Setelah Ir.Soekarno bersama Moh.Hatta telah membawa bangsa Indonesia kepada era baru dimulai dengan memprolamasikan kemerdekaan Indonesia pada 17 Agustus 1945. 

Sebagai sebuah negara yang baru merdeka dari penjajahan, tentunya dibutuhkan pengakuan dari negara lain dan dunia internasional bahwa Indonesia telah siap untuk berdiri sebagai sebuah negara dan juga untuk menjadi sebuah anggota dari sistem internasional. 

Namun, Belanda tetap ingin menjajah Indonesia kembali dan melakukan berbagai cara untuk mengahalangi kemerdekaan yang ingin dicapai oleh Indonesia pada panggung Internasional. 

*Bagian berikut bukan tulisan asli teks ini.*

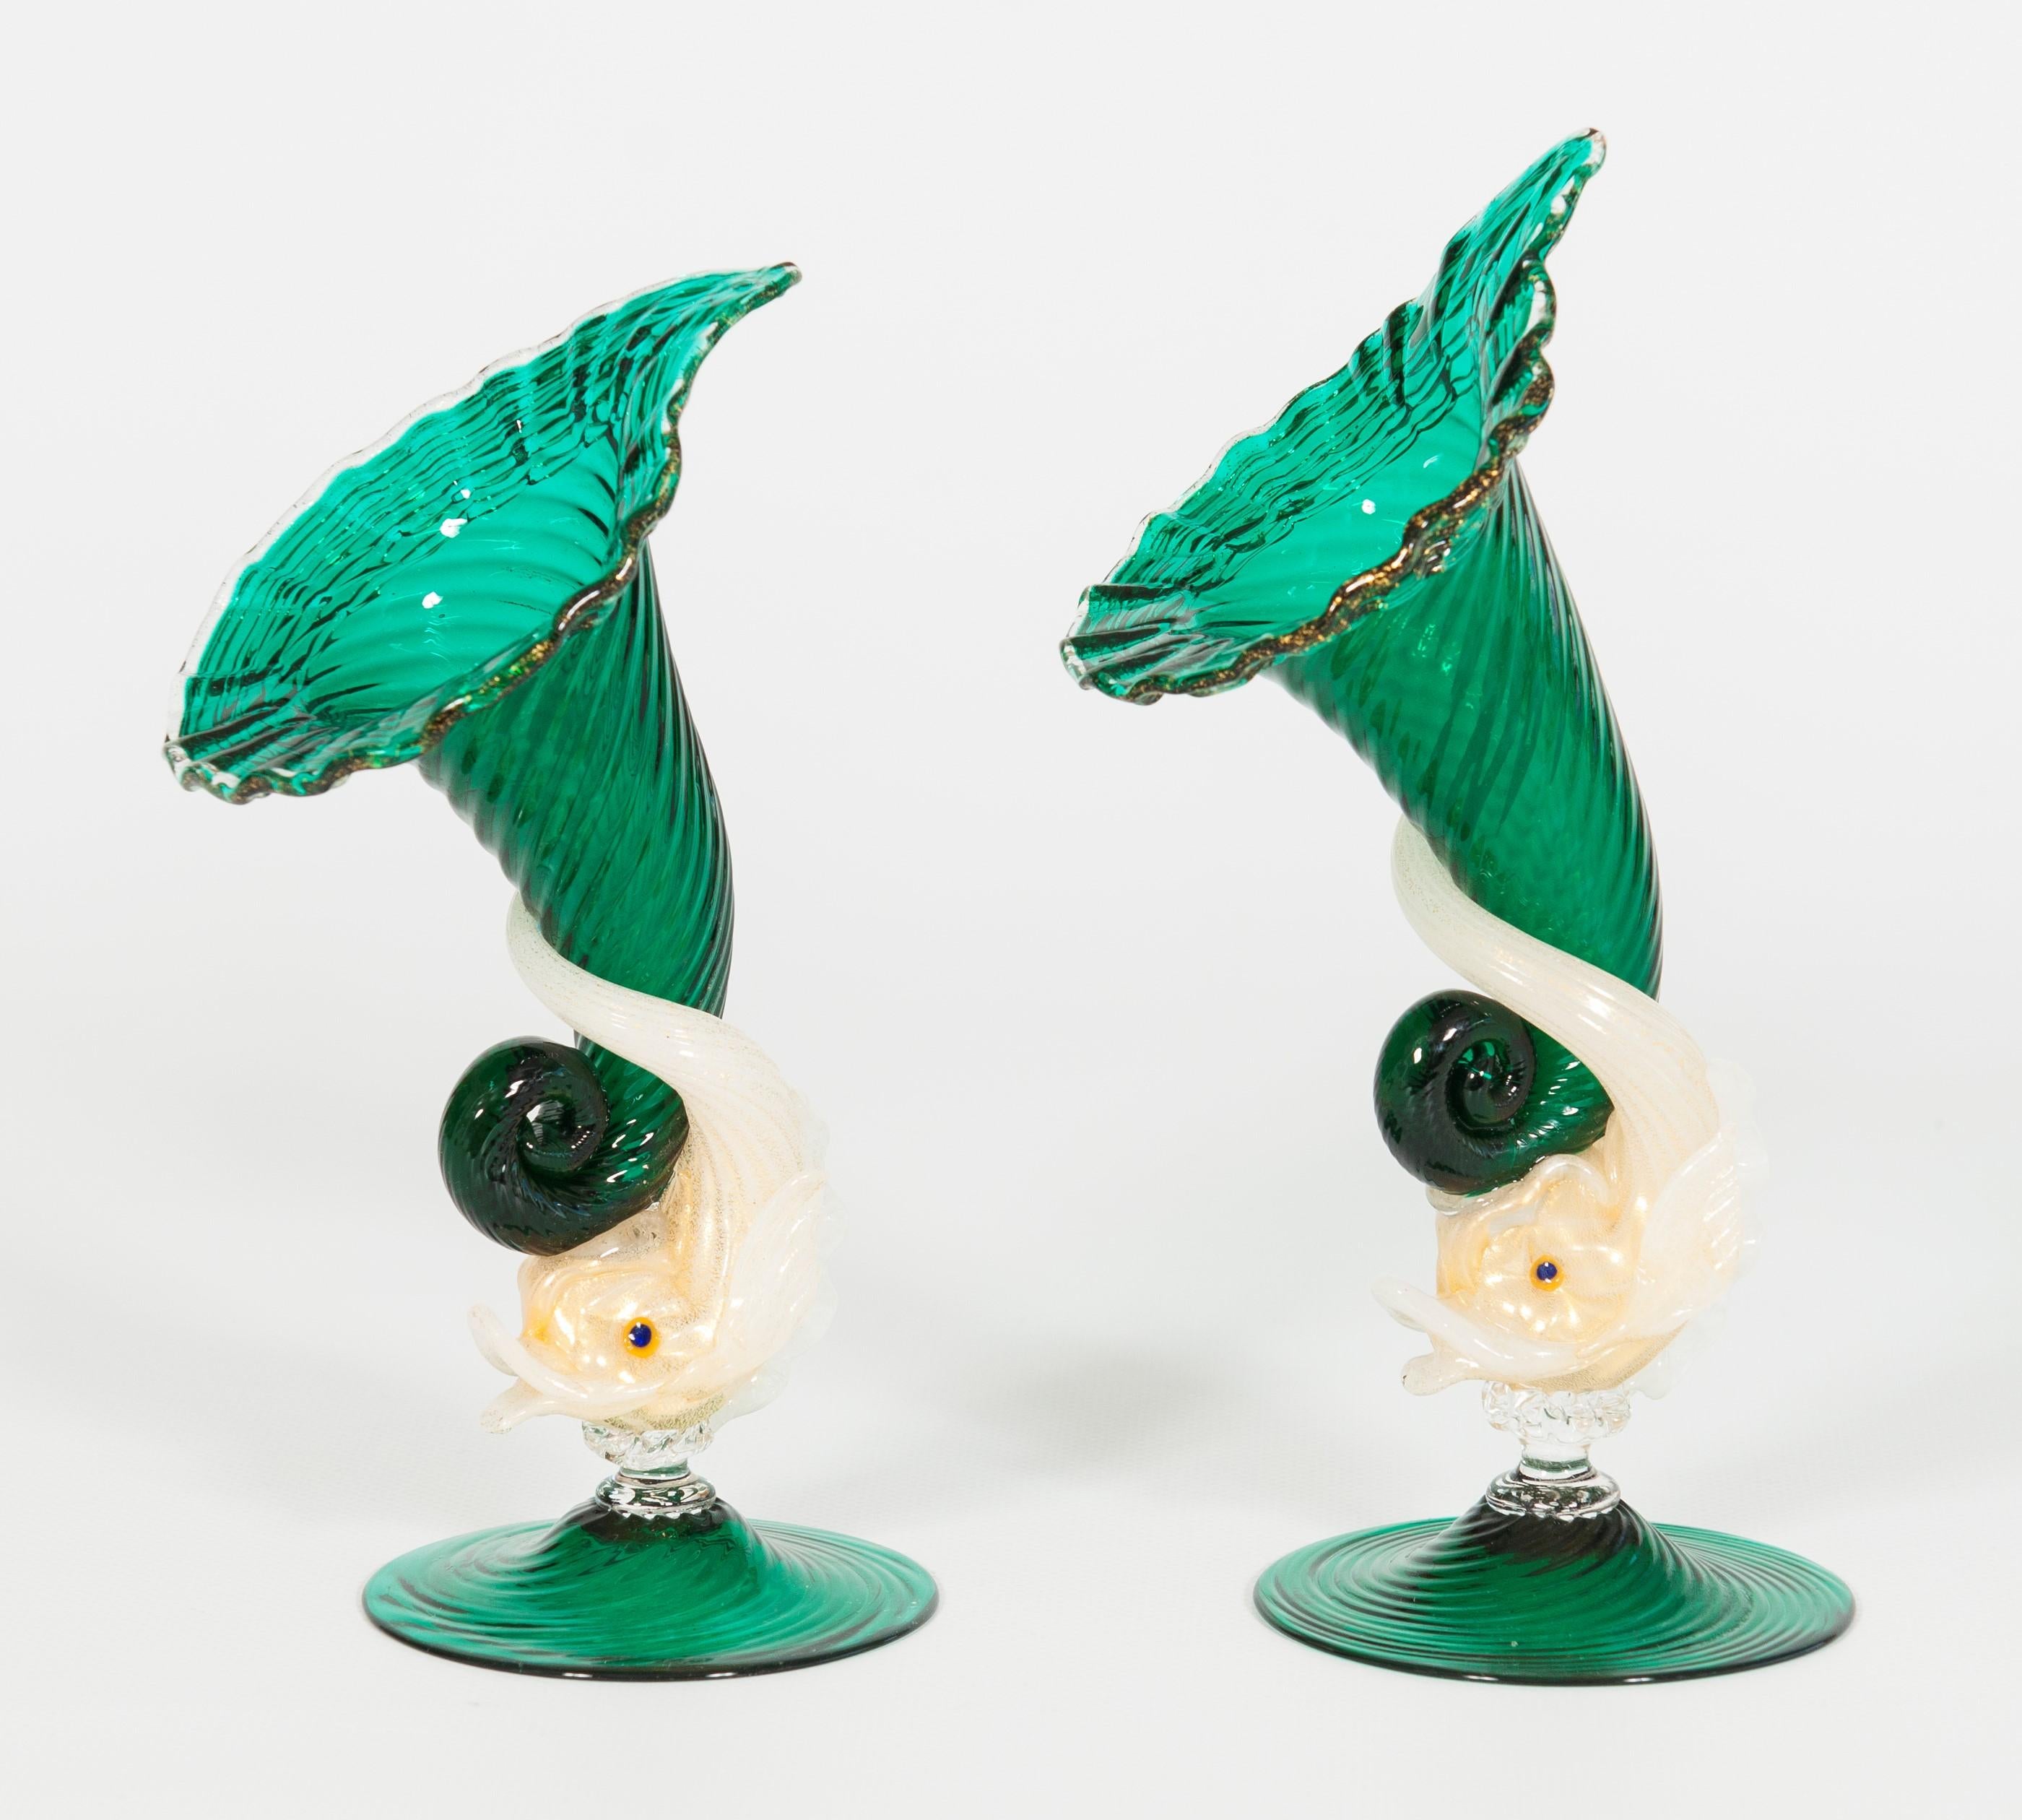 Rare and marvelous pair of green and gold Cornucopia Murano glass cups, Italy, 1960s.
These stunning glasses are composed of an elegant green-colored shell with golden finishes in the upper part, where it opens up, and a silk gold colored dolphin,

Pada saat itu, Indonesia dihadapkan dengan situasi yang dilematis, dimana golongan kiri menginginkan Indonesia bergabung dengan komunis yang anti-barat dengan tujuan untuk memperkuat perlawanan terhadap Belanda yang merupakan anggota blok barat. Namun pemimpin nasionalis seperti Moh.Hatta dan Sutan Sjahrir tidak ingin Indonesia dikuasai oleh komunis. 

Oleh karena itu, Indonesia kemudian mengambil jalan tengah yaitu dengan bersikap netral  dan tidak memihak blok manapun. Hal ini dikarenakan Indonesia berusaha untuk tetap konsisten dengan prinsip kemanusiaan yang adil dan beradab, prinsip yang menjunjung tinggi kemerdekaan sebagai hak setiap bangsa dan juga prinsip yang menekankan eksistensi kedamaian secara aktif seperti yang tertera dalam Undang-Undang Dasar 1945 Alinea ke-empat yang berbunyi "ikut melaksanakan ketertiban dunia yang berdasarakan kemerdekaan, perdamaian abadi, dan keadilan sosial".

Dua hari setelah kemerdekaan, Republik Indonesia berhasil membentuk susunan kabinet pertamanya yang meliputi 19 menteri, dan salah satunya adalah Menteri Luar Negeri yang dijabat oleh Ahmad Soebardjo. Namun sayangnya, kabinet ini tidak bertahan lama, dibentuk pada 2 September 1945 kemudian terjadi perubahan pada 14 November 1945 yang kemudian mengangkat Sutan Sjahrir sebagai Menteri Luar Negeri Republik Indonesia yang kedua. 

Perubahan ini juga mempengaruhi sistem pemerintahan dari presidensial menjadi bentuk ministerial. Sejak saat itulah, Indonesia mulai menerapkan kebijakan-kebijakan diplomasi untuk melakukan perundingan dengan Belanda.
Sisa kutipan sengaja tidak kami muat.